Major point-of-sale intrusions and cyber espionage tend to grab a majority of the news headlines nowadays, but according to the 2014 Verizon Data Breach Investigations Report (DBIR), Web application attacks are the most common threat that organizations currently face.
Web applications remain the proverbial punching bag of the Internet.
Verizon Data Breach Investigations Report 2014
The 2014 Verizon DBIR analyzed breach data from 50 organizations around the world, including details on 1,367 confirmed data breaches and 63,437 security incidents -- events that compromise the "confidentiality, integrity, or availability of an information asset" -- and broke that data down into one of nine attack patterns. Those patterns are then mapped out to industries and corresponding security controls, giving readers a sense of which attacks are most likely to affect them and ways in which they can be combatted.
Out of the 1,367 confirmed data breaches, the cyber espionage pattern accounted for 22% of the attackers recorded by Verizon and its partners, while point-of-sale (POS) intrusions made up 14% of the breaches in this year's report.

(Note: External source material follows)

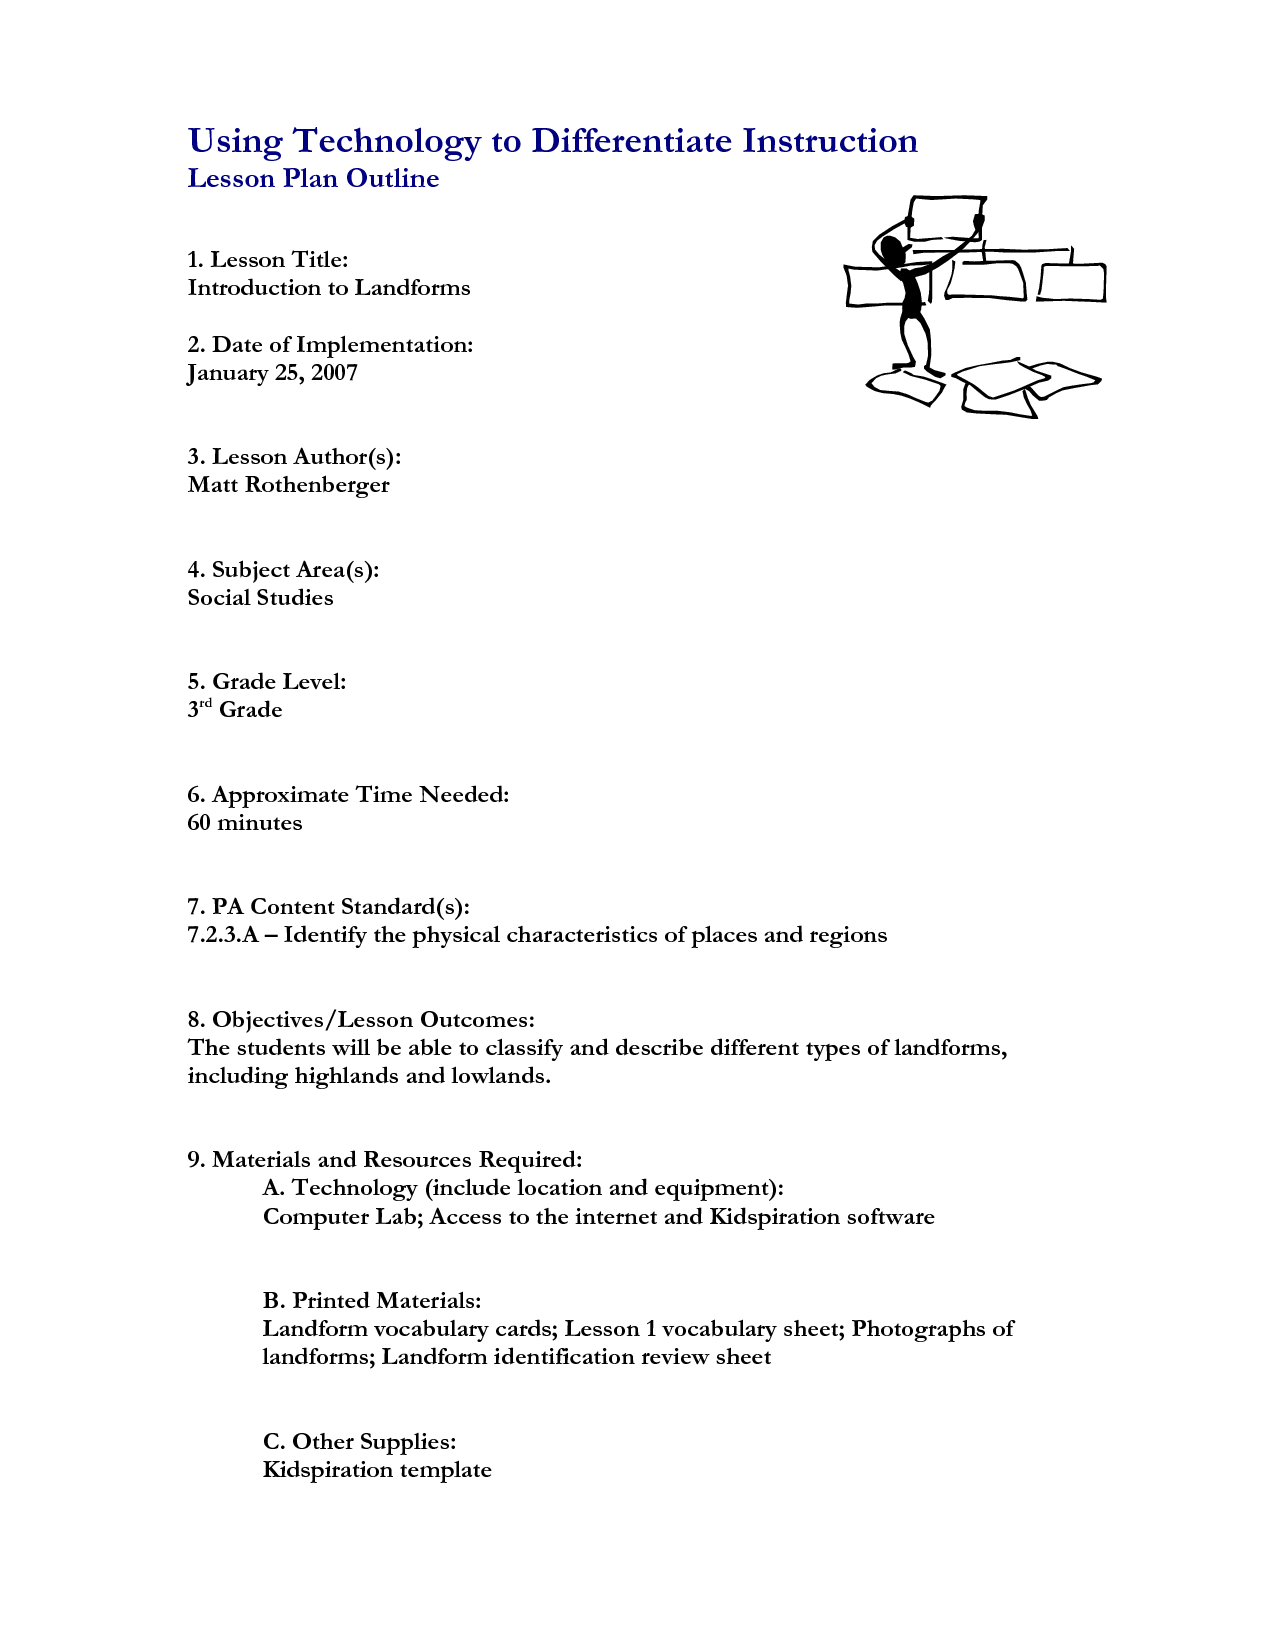 Social Studies Landform Worksheets Image
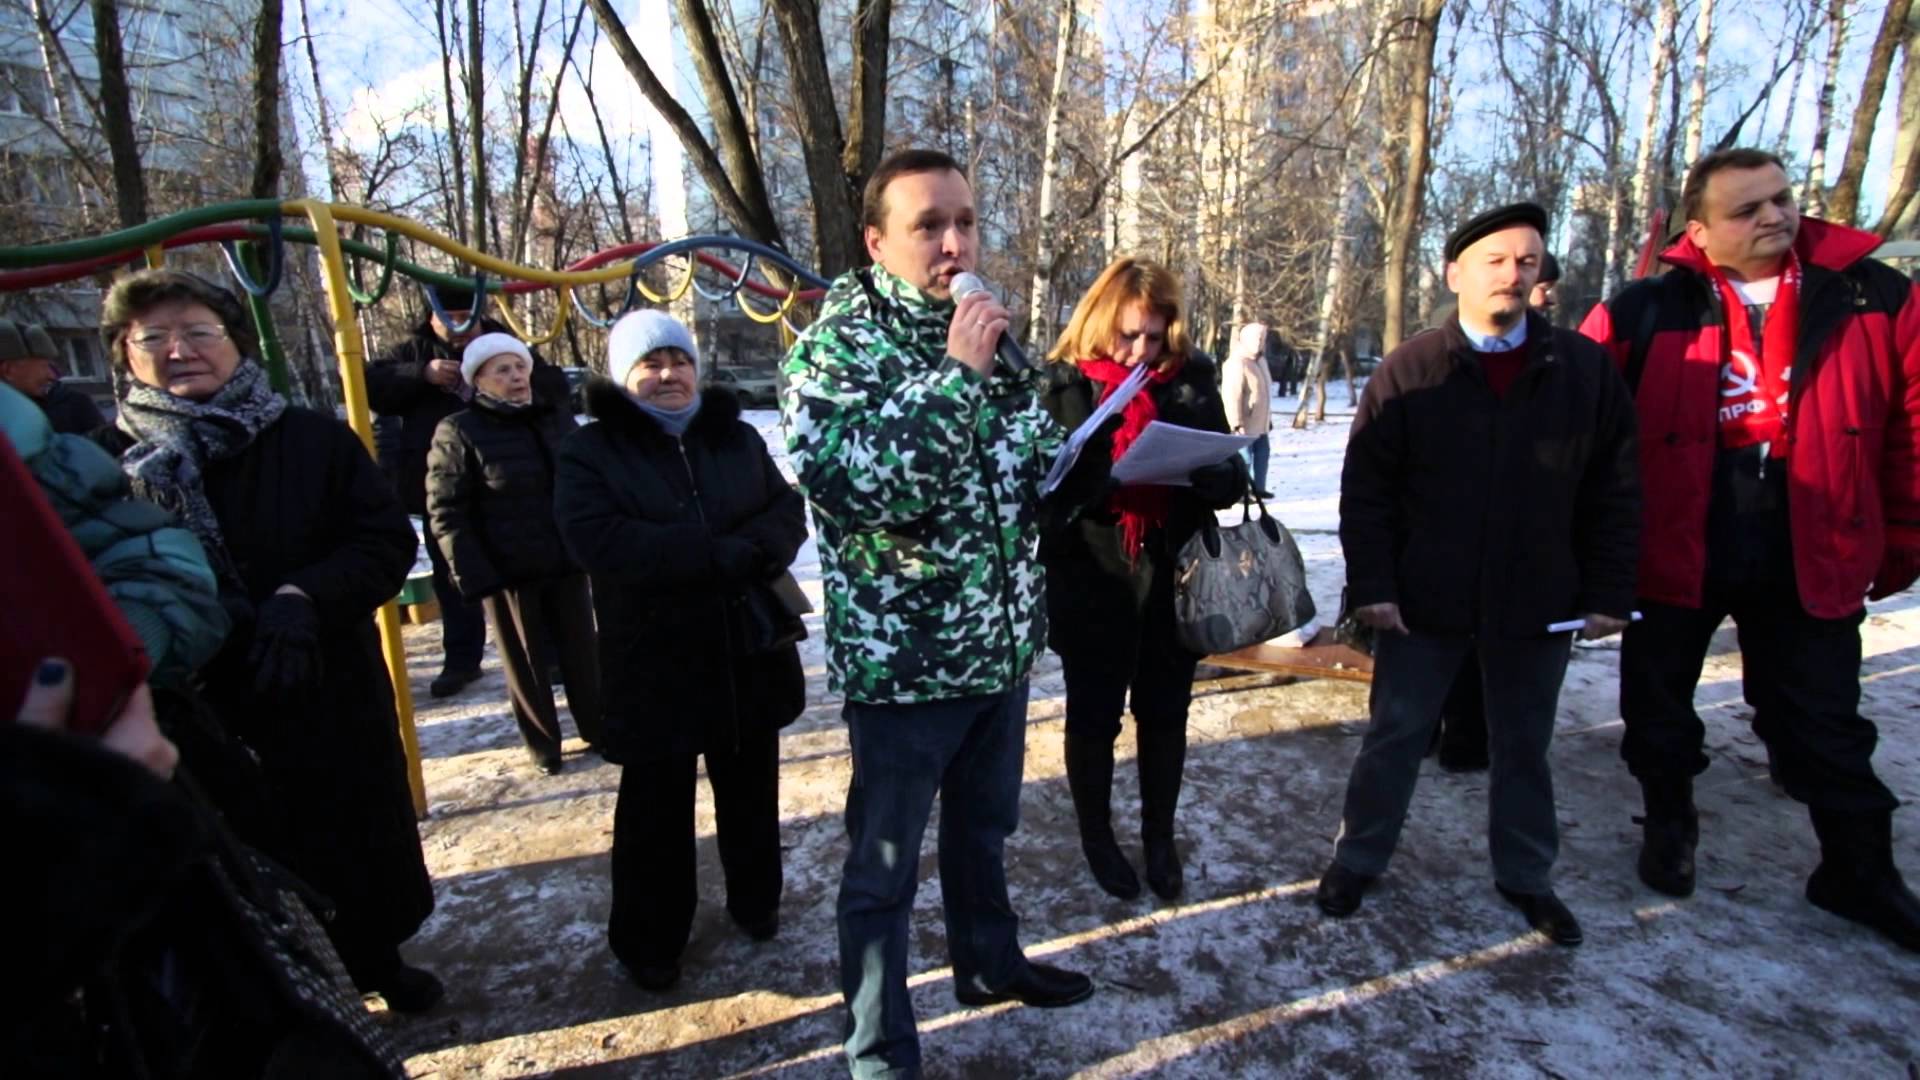 Митинг в районе Очаково-Матвеевское 29.11.2015 ч.14

Still, Web app attacks were far and away the most common threat type, with 35% of all confirmed breaches linked to Web application security issues. That number also represents a significant increase over the three-year average of 21% of data breaches falling under the Web app attack pattern. Though the inclusion of data from new contributors like Web application security vendor WhiteHat Security may skew those numbers, the Verizon data breach report makes it clear that Web apps are an increasingly convenient target for attackers.
"Web applications remain the proverbial punching bag of the Internet," said the Verizon report. "There's no question about it -- the variety and combination of techniques available to attackers make defending Web applications a complex task."
Web app attacks: Motives, techniques vary
The report indicated that nearly two out of three attackers targeting Web apps are motivated by "ideology and lulz," while financial incentives drive another third. Those financially-motivated attackers are most likely to target organizations from two industries -- financial and retail. They are particularly focused on gaining access to user interfaces like those at online banking sites, either by exploiting some underlying weakness in the application itself or by simply stealing legitimate user credentials.
The Web app attack techniques used by malicious actors remain largely the same, according to the Verizon report. Attackers use phishing to glean credentials, or simply brute force the passwords, both of which show up in the top 20 overall threat actions. Otherwise, they fall back to SQL injection and other application-level attacks.
SQL injection is by far the most common Web application vulnerability, according to Trustwave's SpiderLabs Director Charles Henderson, who said that many application-level flaws are the result of enterprises using customized websites.
"Very few reasonably sized e-commerce companies are going to buy an off-the-shelf website. A good portion of that application is going to be entirely custom written, whether that be checkout processes or search functionality," he said. "That means it is prone to security weaknesses," said Henderson. "It requires additional testing and controls like validate scanning and application scanning. Web application firewalls are also a very important layer of the onion, so to speak."
To mitigate the use of stolen credentials, Verizon senior risk analyst, Marc Spitler advised enterprises to consider implementing some form of two-factor authentication, a recommendation that is made to combat several attack types in the 2014 DBIR.
Not surprisingly, attackers that target Web apps for non-financial reasons tend to aim at different verticals and deploy different techniques, with the Verizon report indicating that content management systems (CMS) like WordPress and Drupal are among the most popular targets.
"Ideological actors [whether their motivation is social, political, or just for plain fun] are less concerned about getting at the crown jewels than they are about getting a platform [in all sense of the word] to stand on," said the Verizon report. "With that in mind, it's not surprising that we see two types of results from ideological attackers going after a Web server: defacements to send a message or hijacking the server to attack [including by DDoS] other victims."
CMS is an attractive target for several reasons, according to Henderson. First, there's simply a good return on investment for an attack on a CMS, because finding a single vulnerability in one platform means that an attacker can simultaneously target multiple sites using the same CMS. Such systems also give attackers an advantage when it comes to preparation.
"You can download a CMS and test it offline," said Henderson, "whereas with other Web applications, an alerting system like a SIEM or a Web application firewall may notice me poking around in there."
To fend off attacks against CMS platforms, Verizon advised enterprises to either implement a regular patching process, preferably automated, or possibly move to a static CMS framework, meaning that the webpages will be pre-generated instead of having code executed on a the server for every request.
To reduce the number of successful Web app attacks, Henderson said many organizations simply need to pay closer attention to incidents that may affect Web security.
"You have a lot of people that are very lax about what is going on with their Web application. They may or may not be logging the right things. They may have a Web application firewall, but someone might not be watching it," said Henderson. "I feel like we as an industry aggregate a lot of security information that we just throw away, and frankly, that's because the average e-commerce website isn't in the business of fighting off Web app attacks."